▶ **Supplied data**:
+++

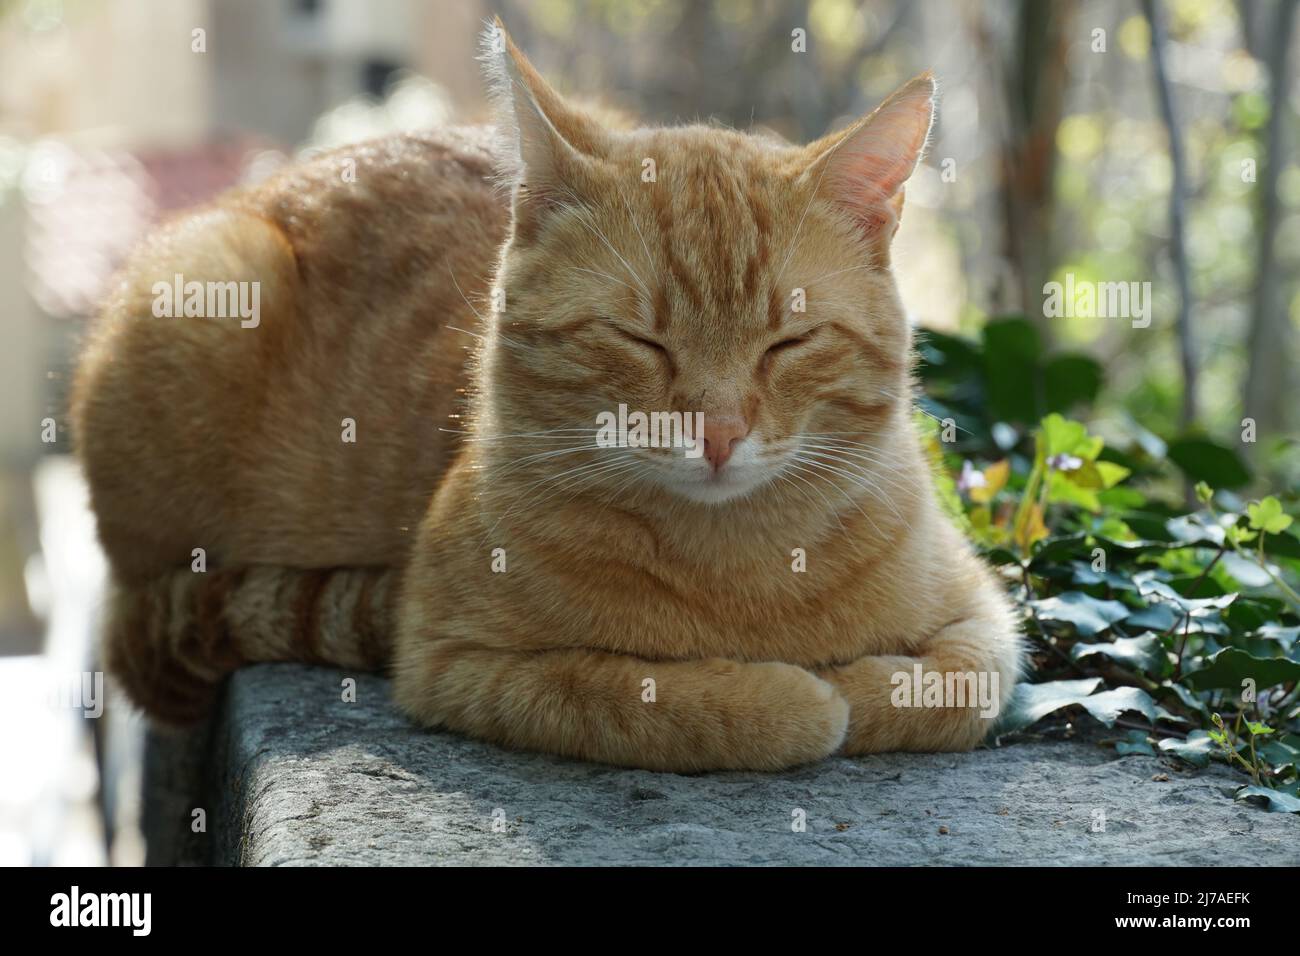 Ritratto di un gatto di zenzero di razza mista. Il gatto è teso fuori, ha occhi connived e gode il caldo sole primaverile. Gatto vagante che riposa nel parco. Foto Stock
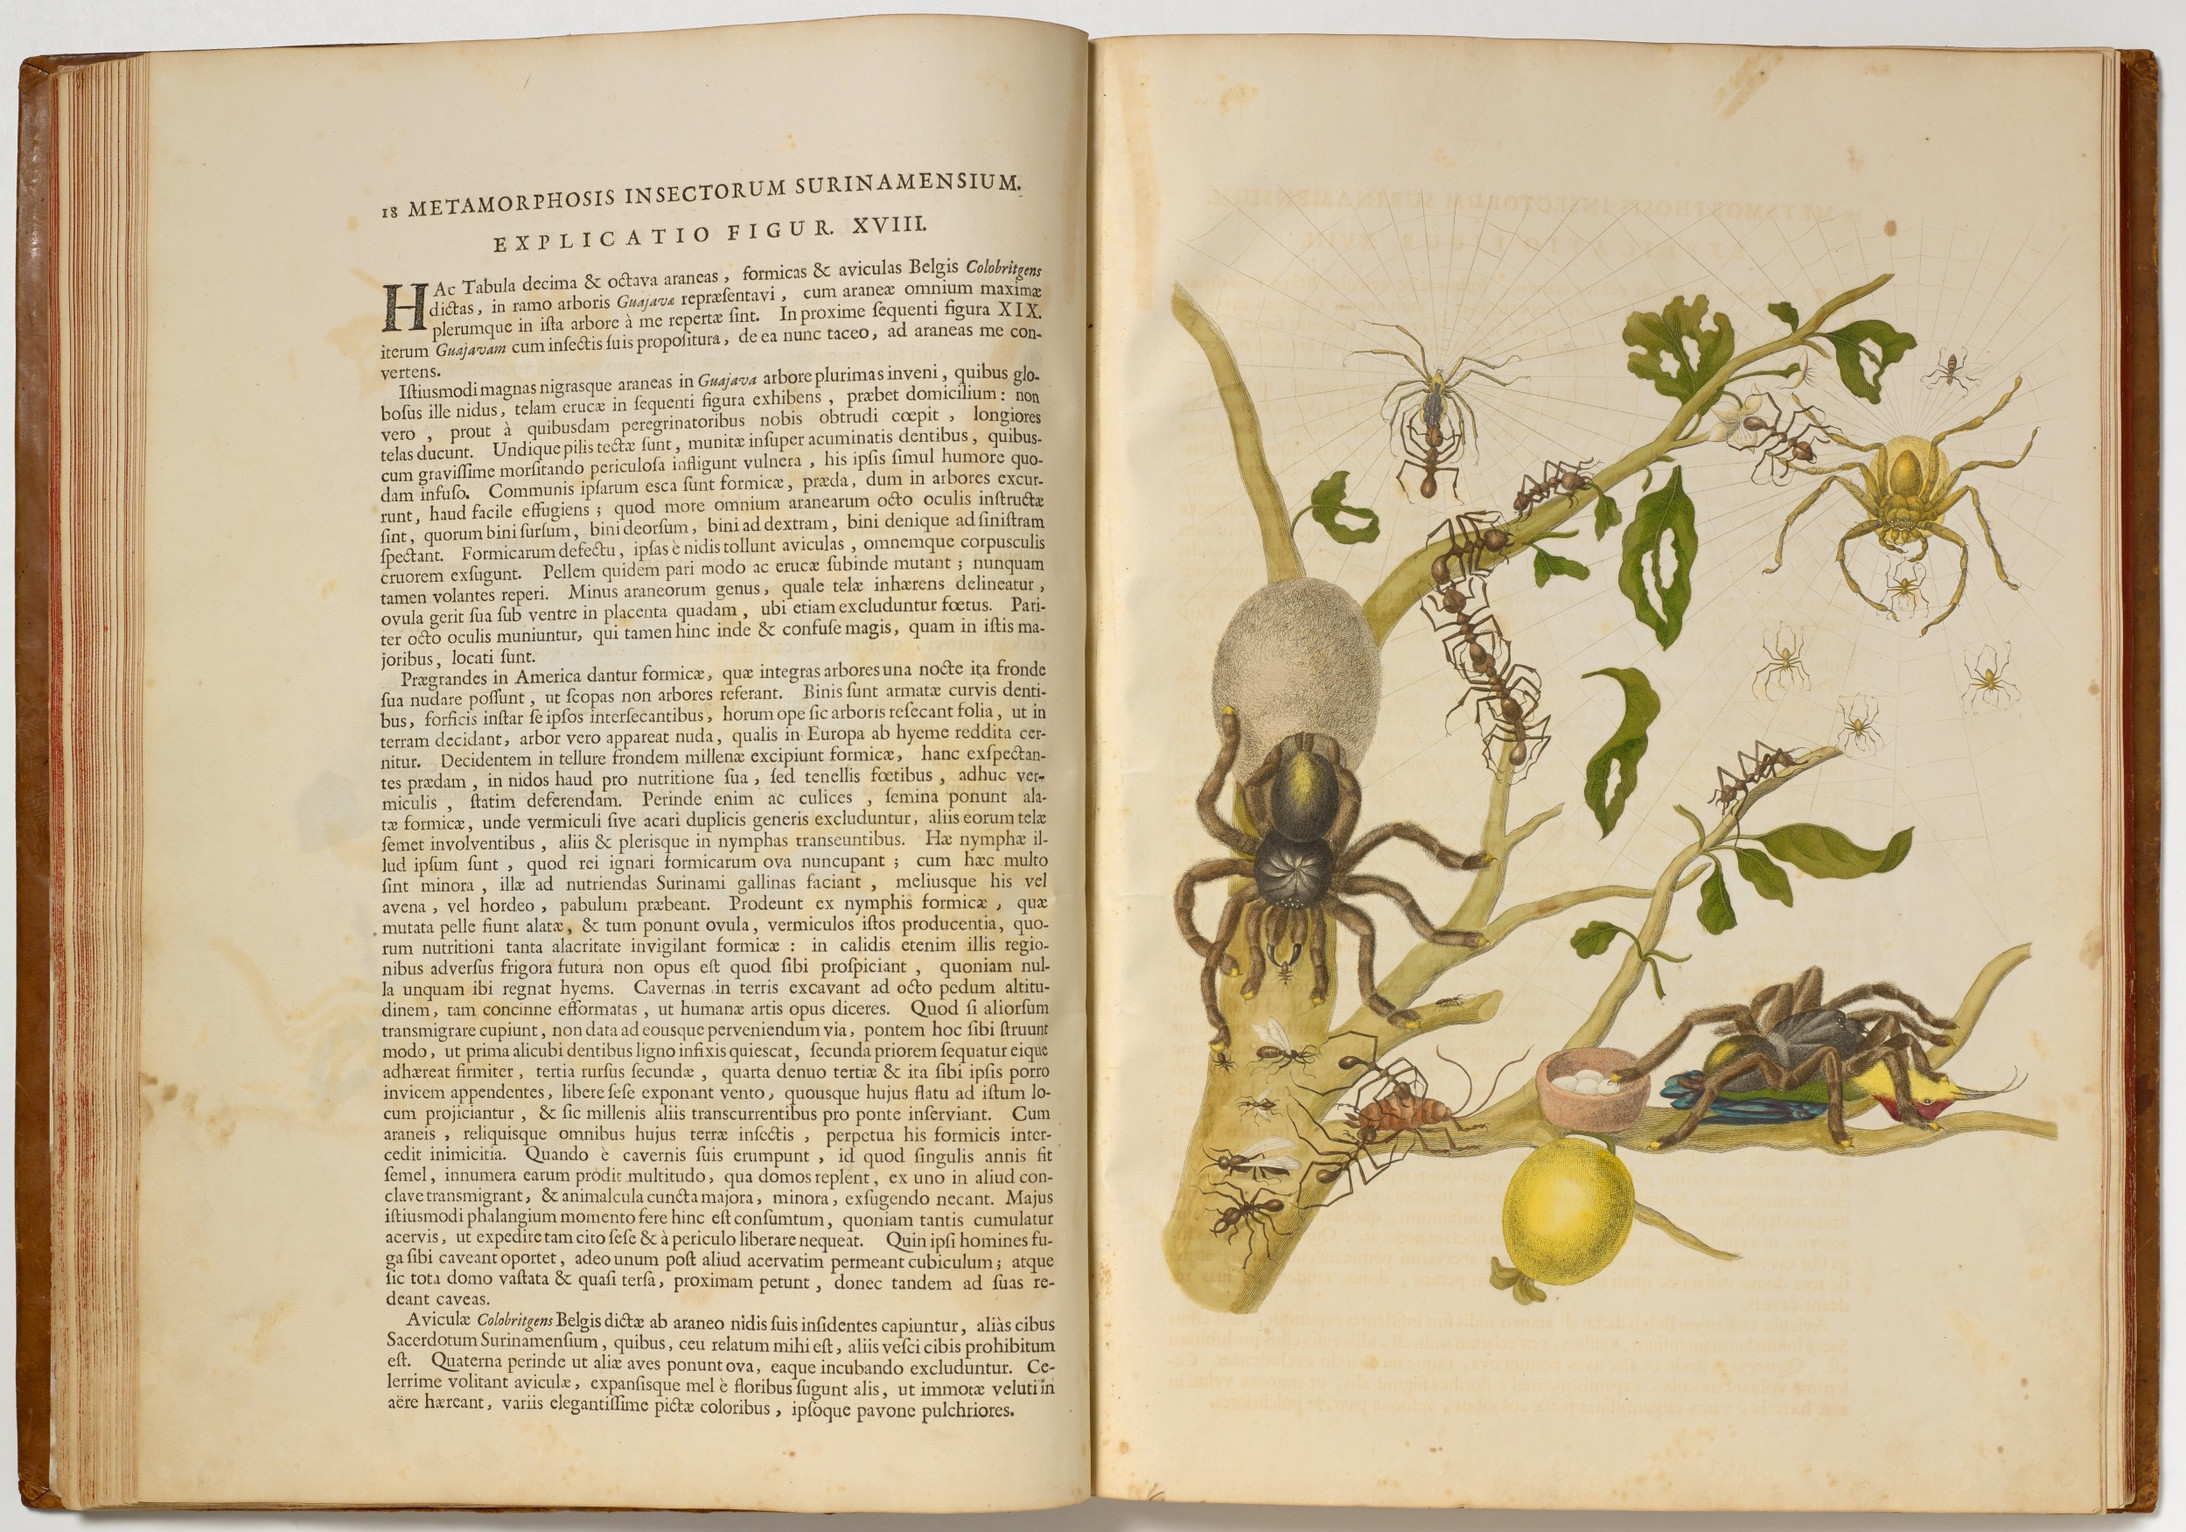 Maria Sibylla Merian, 1705, Ledergebundenes Buch mit 60 kolorierten Umdrucken, Buch: 3,5 x, 37,5 x 51,5 cm, © Kunstmuseum Basel, Kupferstichkabinett
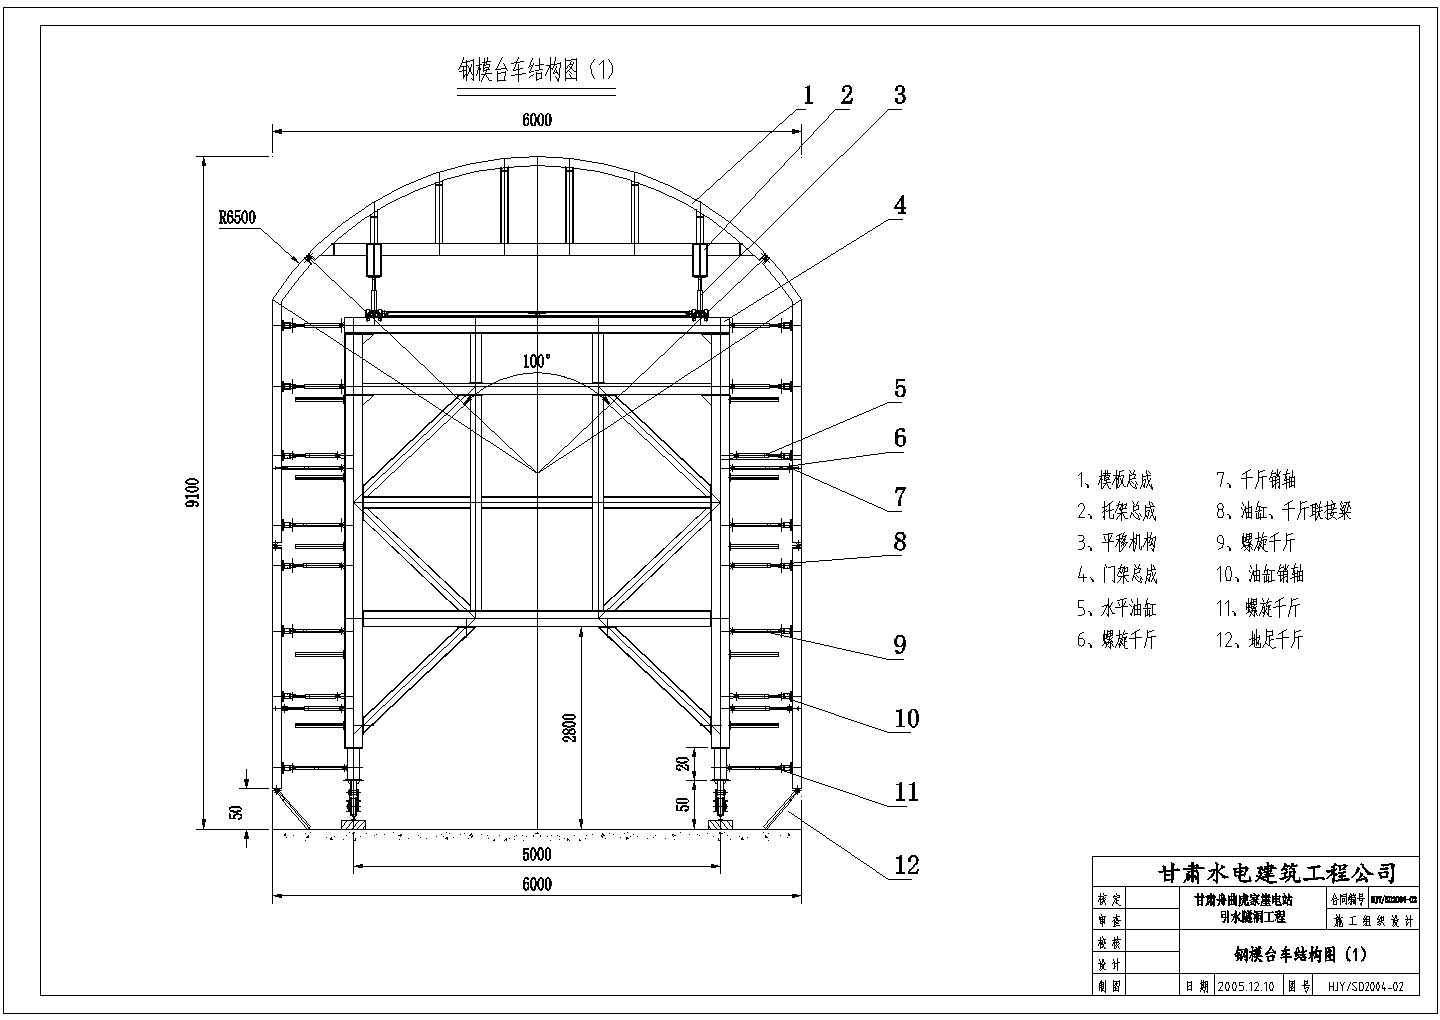 虎家崖电站引水隧洞工程钢模台车结构图

+++

▶ **Work task**:
Omit the pictures, then give all the lines above again exactly.

▶ **Reply to the task**:
 Ritratto di un gatto di zenzero di razza mista. Il gatto è teso fuori, ha occhi connived e gode il caldo sole primaverile. Gatto vagante che riposa nel parco. Foto Stock
 Maria Sibylla Merian, 1705, Ledergebundenes Buch mit 60 kolorierten Umdrucken, Buch: 3,5 x, 37,5 x 51,5 cm, © Kunstmuseum Basel, Kupferstichkabinett
 虎家崖电站引水隧洞工程钢模台车结构图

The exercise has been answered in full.